* _DATA IN THIS EXERCISE_
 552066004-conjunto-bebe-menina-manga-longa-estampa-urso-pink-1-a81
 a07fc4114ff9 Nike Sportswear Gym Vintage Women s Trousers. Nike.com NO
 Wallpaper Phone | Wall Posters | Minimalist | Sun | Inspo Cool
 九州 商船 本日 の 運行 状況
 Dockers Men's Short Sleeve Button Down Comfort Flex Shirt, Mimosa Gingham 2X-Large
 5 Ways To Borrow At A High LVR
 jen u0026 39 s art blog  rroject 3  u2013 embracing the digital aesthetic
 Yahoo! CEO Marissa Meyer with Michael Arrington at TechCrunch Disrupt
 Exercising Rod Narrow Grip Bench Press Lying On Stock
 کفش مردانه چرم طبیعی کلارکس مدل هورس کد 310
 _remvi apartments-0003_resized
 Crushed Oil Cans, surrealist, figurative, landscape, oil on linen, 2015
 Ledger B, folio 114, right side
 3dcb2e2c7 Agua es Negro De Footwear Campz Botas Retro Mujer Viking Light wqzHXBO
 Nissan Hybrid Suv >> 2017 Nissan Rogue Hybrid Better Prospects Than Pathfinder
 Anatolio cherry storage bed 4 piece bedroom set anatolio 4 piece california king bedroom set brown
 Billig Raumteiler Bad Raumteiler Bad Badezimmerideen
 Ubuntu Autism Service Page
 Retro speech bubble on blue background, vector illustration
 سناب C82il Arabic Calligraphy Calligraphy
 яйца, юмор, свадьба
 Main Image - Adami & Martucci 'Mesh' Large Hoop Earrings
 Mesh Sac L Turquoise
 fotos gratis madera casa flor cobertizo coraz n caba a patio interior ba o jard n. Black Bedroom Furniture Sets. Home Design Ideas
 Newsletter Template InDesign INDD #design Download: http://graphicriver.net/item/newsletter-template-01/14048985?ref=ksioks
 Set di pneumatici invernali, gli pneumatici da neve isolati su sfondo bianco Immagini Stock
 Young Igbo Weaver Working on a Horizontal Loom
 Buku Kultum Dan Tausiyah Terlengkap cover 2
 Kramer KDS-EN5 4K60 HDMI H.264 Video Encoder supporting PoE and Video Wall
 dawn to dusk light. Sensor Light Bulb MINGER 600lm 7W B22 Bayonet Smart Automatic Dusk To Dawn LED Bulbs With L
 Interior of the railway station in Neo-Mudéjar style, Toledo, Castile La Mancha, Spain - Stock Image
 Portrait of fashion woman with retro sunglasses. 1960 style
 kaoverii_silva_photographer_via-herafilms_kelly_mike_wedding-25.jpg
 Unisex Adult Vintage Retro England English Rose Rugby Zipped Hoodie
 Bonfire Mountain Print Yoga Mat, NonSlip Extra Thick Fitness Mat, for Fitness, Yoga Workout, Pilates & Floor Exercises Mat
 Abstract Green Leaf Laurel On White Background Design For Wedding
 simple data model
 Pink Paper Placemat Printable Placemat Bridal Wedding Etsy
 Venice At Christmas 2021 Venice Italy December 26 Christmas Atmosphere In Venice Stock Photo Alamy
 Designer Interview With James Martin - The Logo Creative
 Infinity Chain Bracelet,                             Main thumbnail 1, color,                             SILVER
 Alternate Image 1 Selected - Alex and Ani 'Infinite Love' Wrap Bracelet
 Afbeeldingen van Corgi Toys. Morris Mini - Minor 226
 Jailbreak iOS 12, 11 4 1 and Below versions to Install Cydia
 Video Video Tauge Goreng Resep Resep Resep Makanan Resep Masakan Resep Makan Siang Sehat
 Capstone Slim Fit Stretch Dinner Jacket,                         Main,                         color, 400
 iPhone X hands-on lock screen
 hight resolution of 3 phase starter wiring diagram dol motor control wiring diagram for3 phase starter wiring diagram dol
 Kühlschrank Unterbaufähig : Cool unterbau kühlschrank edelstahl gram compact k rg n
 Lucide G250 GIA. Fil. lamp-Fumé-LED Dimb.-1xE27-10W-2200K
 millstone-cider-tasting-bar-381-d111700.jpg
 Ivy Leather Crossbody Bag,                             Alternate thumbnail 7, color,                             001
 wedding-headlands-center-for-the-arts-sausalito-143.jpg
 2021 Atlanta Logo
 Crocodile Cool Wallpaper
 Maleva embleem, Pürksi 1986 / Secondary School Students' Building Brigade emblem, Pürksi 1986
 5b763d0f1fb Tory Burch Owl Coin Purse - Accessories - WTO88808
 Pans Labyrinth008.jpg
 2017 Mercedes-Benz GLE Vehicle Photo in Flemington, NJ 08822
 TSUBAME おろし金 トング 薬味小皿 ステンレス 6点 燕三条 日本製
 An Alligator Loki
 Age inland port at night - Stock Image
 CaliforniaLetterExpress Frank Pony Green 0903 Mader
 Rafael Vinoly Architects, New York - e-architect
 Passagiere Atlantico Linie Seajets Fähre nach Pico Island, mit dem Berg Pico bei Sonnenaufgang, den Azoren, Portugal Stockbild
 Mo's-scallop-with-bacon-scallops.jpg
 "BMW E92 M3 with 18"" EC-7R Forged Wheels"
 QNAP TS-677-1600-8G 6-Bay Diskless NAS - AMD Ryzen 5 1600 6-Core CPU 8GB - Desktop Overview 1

* _WHAT IS BEING ASKED_
A faithful, word-for-word transcription of the data above is required.

* _REPLY TO THE EXERCISE_
 552066004-conjunto-bebe-menina-manga-longa-estampa-urso-pink-1-a81
 a07fc4114ff9 Nike Sportswear Gym Vintage Women s Trousers. Nike.com NO
 Wallpaper Phone | Wall Posters | Minimalist | Sun | Inspo Cool
 九州 商船 本日 の 運行 状況
 Dockers Men's Short Sleeve Button Down Comfort Flex Shirt, Mimosa Gingham 2X-Large
 5 Ways To Borrow At A High LVR
 jen u0026 39 s art blog  rroject 3  u2013 embracing the digital aesthetic
 Yahoo! CEO Marissa Meyer with Michael Arrington at TechCrunch Disrupt
 Exercising Rod Narrow Grip Bench Press Lying On Stock
 کفش مردانه چرم طبیعی کلارکس مدل هورس کد 310
 _remvi apartments-0003_resized
 Crushed Oil Cans, surrealist, figurative, landscape, oil on linen, 2015
 Ledger B, folio 114, right side
 3dcb2e2c7 Agua es Negro De Footwear Campz Botas Retro Mujer Viking Light wqzHXBO
 Nissan Hybrid Suv >> 2017 Nissan Rogue Hybrid Better Prospects Than Pathfinder
 Anatolio cherry storage bed 4 piece bedroom set anatolio 4 piece california king bedroom set brown
 Billig Raumteiler Bad Raumteiler Bad Badezimmerideen
 Ubuntu Autism Service Page
 Retro speech bubble on blue background, vector illustration
 سناب C82il Arabic Calligraphy Calligraphy
 яйца, юмор, свадьба
 Main Image - Adami & Martucci 'Mesh' Large Hoop Earrings
 Mesh Sac L Turquoise
 fotos gratis madera casa flor cobertizo coraz n caba a patio interior ba o jard n. Black Bedroom Furniture Sets. Home Design Ideas
 Newsletter Template InDesign INDD #design Download: http://graphicriver.net/item/newsletter-template-01/14048985?ref=ksioks
 Set di pneumatici invernali, gli pneumatici da neve isolati su sfondo bianco Immagini Stock
 Young Igbo Weaver Working on a Horizontal Loom
 Buku Kultum Dan Tausiyah Terlengkap cover 2
 Kramer KDS-EN5 4K60 HDMI H.264 Video Encoder supporting PoE and Video Wall
 dawn to dusk light. Sensor Light Bulb MINGER 600lm 7W B22 Bayonet Smart Automatic Dusk To Dawn LED Bulbs With L
 Interior of the railway station in Neo-Mudéjar style, Toledo, Castile La Mancha, Spain - Stock Image
 Portrait of fashion woman with retro sunglasses. 1960 style
 kaoverii_silva_photographer_via-herafilms_kelly_mike_wedding-25.jpg
 Unisex Adult Vintage Retro England English Rose Rugby Zipped Hoodie
 Bonfire Mountain Print Yoga Mat, NonSlip Extra Thick Fitness Mat, for Fitness, Yoga Workout, Pilates & Floor Exercises Mat
 Abstract Green Leaf Laurel On White Background Design For Wedding
 simple data model
 Pink Paper Placemat Printable Placemat Bridal Wedding Etsy
 Venice At Christmas 2021 Venice Italy December 26 Christmas Atmosphere In Venice Stock Photo Alamy
 Designer Interview With James Martin - The Logo Creative
 Infinity Chain Bracelet,                             Main thumbnail 1, color,                             SILVER
 Alternate Image 1 Selected - Alex and Ani 'Infinite Love' Wrap Bracelet
 Afbeeldingen van Corgi Toys. Morris Mini - Minor 226
 Jailbreak iOS 12, 11 4 1 and Below versions to Install Cydia
 Video Video Tauge Goreng Resep Resep Resep Makanan Resep Masakan Resep Makan Siang Sehat
 Capstone Slim Fit Stretch Dinner Jacket,                         Main,                         color, 400
 iPhone X hands-on lock screen
 hight resolution of 3 phase starter wiring diagram dol motor control wiring diagram for3 phase starter wiring diagram dol
 Kühlschrank Unterbaufähig : Cool unterbau kühlschrank edelstahl gram compact k rg n
 Lucide G250 GIA. Fil. lamp-Fumé-LED Dimb.-1xE27-10W-2200K
 millstone-cider-tasting-bar-381-d111700.jpg
 Ivy Leather Crossbody Bag,                             Alternate thumbnail 7, color,                             001
 wedding-headlands-center-for-the-arts-sausalito-143.jpg
 2021 Atlanta Logo
 Crocodile Cool Wallpaper
 Maleva embleem, Pürksi 1986 / Secondary School Students' Building Brigade emblem, Pürksi 1986
 5b763d0f1fb Tory Burch Owl Coin Purse - Accessories - WTO88808
 Pans Labyrinth008.jpg
 2017 Mercedes-Benz GLE Vehicle Photo in Flemington, NJ 08822
 TSUBAME おろし金 トング 薬味小皿 ステンレス 6点 燕三条 日本製
 An Alligator Loki
 Age inland port at night - Stock Image
 CaliforniaLetterExpress Frank Pony Green 0903 Mader
 Rafael Vinoly Architects, New York - e-architect
 Passagiere Atlantico Linie Seajets Fähre nach Pico Island, mit dem Berg Pico bei Sonnenaufgang, den Azoren, Portugal Stockbild
 Mo's-scallop-with-bacon-scallops.jpg
 "BMW E92 M3 with 18"" EC-7R Forged Wheels"
 QNAP TS-677-1600-8G 6-Bay Diskless NAS - AMD Ryzen 5 1600 6-Core CPU 8GB - Desktop Overview 1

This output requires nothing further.